Last Friday, a few of us took a trip to out the proper desert – the red sands north of the city.  I can’t write too much about it because of the nature of the group – the Hash House Harriers – in this conservative country… but I can say that it is a running and social club, which begun in Malaysia in 1938.  It is the kind of thing I wouldn’t normally do… it was good to get out of the city and do some walking in the desert.. plenty of photo opportunities…. but I don’t think the ‘social’ side of it fully appeals to me… it’s fairly cliquey.  By definition, a clique is a subset of individuals in which every person is connected to every other person (see also social network theory).  It can also be considered as an inclusive group of people who share interests, views, purposes, patterns of behavior, or ethnicity.  I remember writing about ‘guanxi’ this time last year, while in Beijing.  This was kind of similar to the group of people I came across at the compound barbeque event in that city, back in April last year.  It’s an ex-pat thing – how to survive in an otherwise barren or repressive landscape.

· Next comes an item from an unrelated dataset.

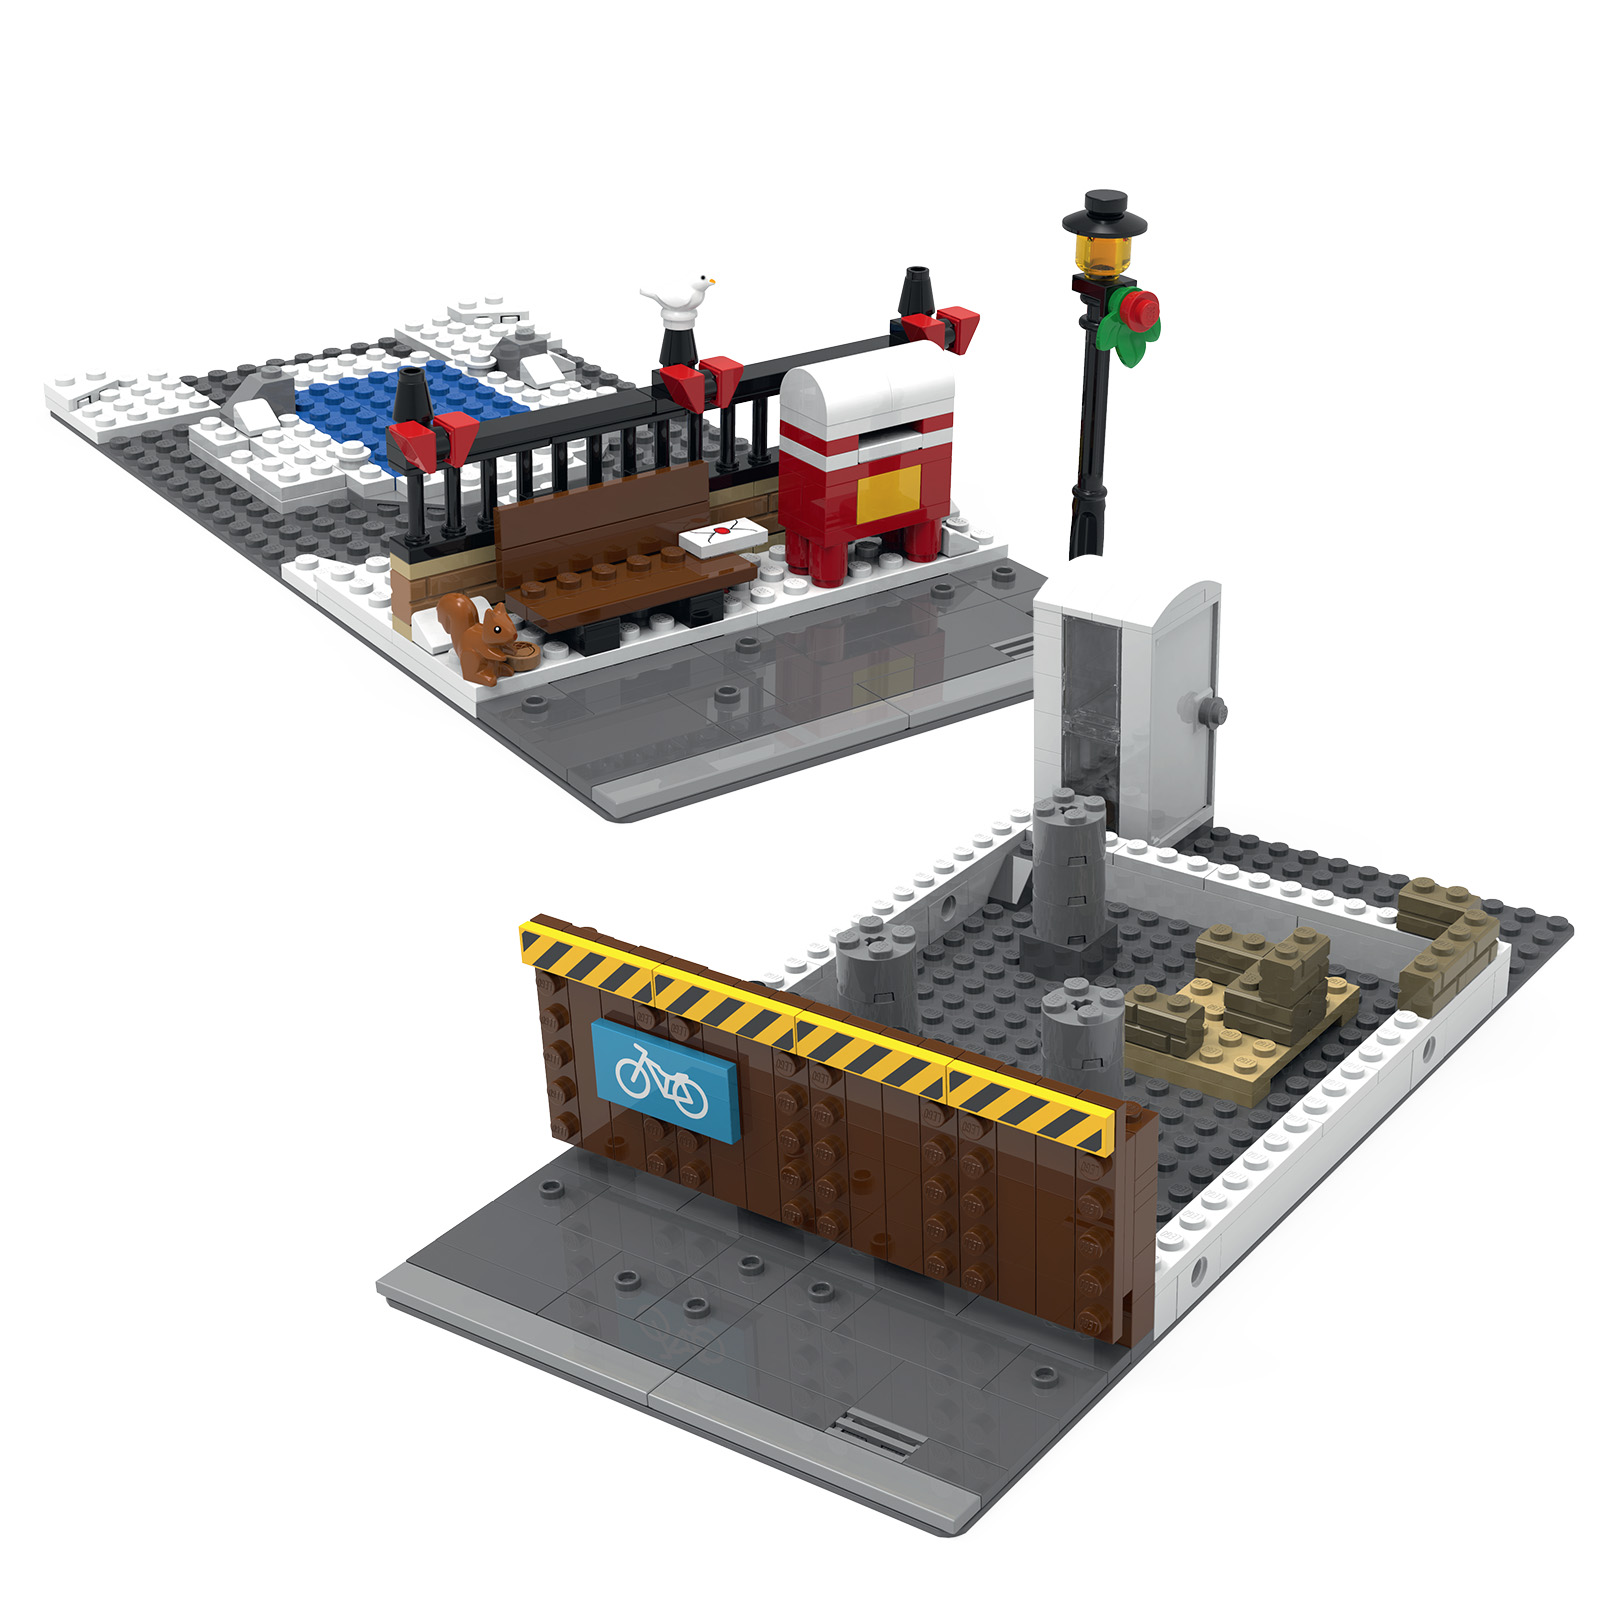 Hoth Bricks on X: Nouveautés LEGO CITY 2021 : fin des plaques de route et  lancement d'un nouveau système modulaire ?: La liste des sets prévus en  2021 dans la gamme LEGO

Menorcian cricket club, anyone?? Here is a video, ‘Sand in My Shoes (Riyadh)’, from that trip, which was part one of a ‘Saudi Hash Triology’:

So, my attitude remains positive.  I get a daily buzz from being here.  How I manage to “keep my head” while others around are “losing theirs and blaming it on {the University}’, to quote Kipling, I don’t know.  But I do.  I got paid on 1 March, getting a free ride up to the office to collect my salary in hard currency.  It was a good feeling.  Luke Phillips also moved in with me into 401 on the same day and we paid one months rent up front.  I get 3000 SAR allowance but, by sharing, my room only costs me 1750 SAR, so I can pocket the difference.  The money I save on the Jallal minibus (5 SAR each time) is also a bonus.  Provided we are not asked to leave the country or I do anything that warrants my exportation, and I stay here until the planned leaving date of 27 June, then I should be able to take home around 42,000 SAR (GBP 7,000). Maybe more with holiday paid in-lieu.  Now, that has got to be something to smile about!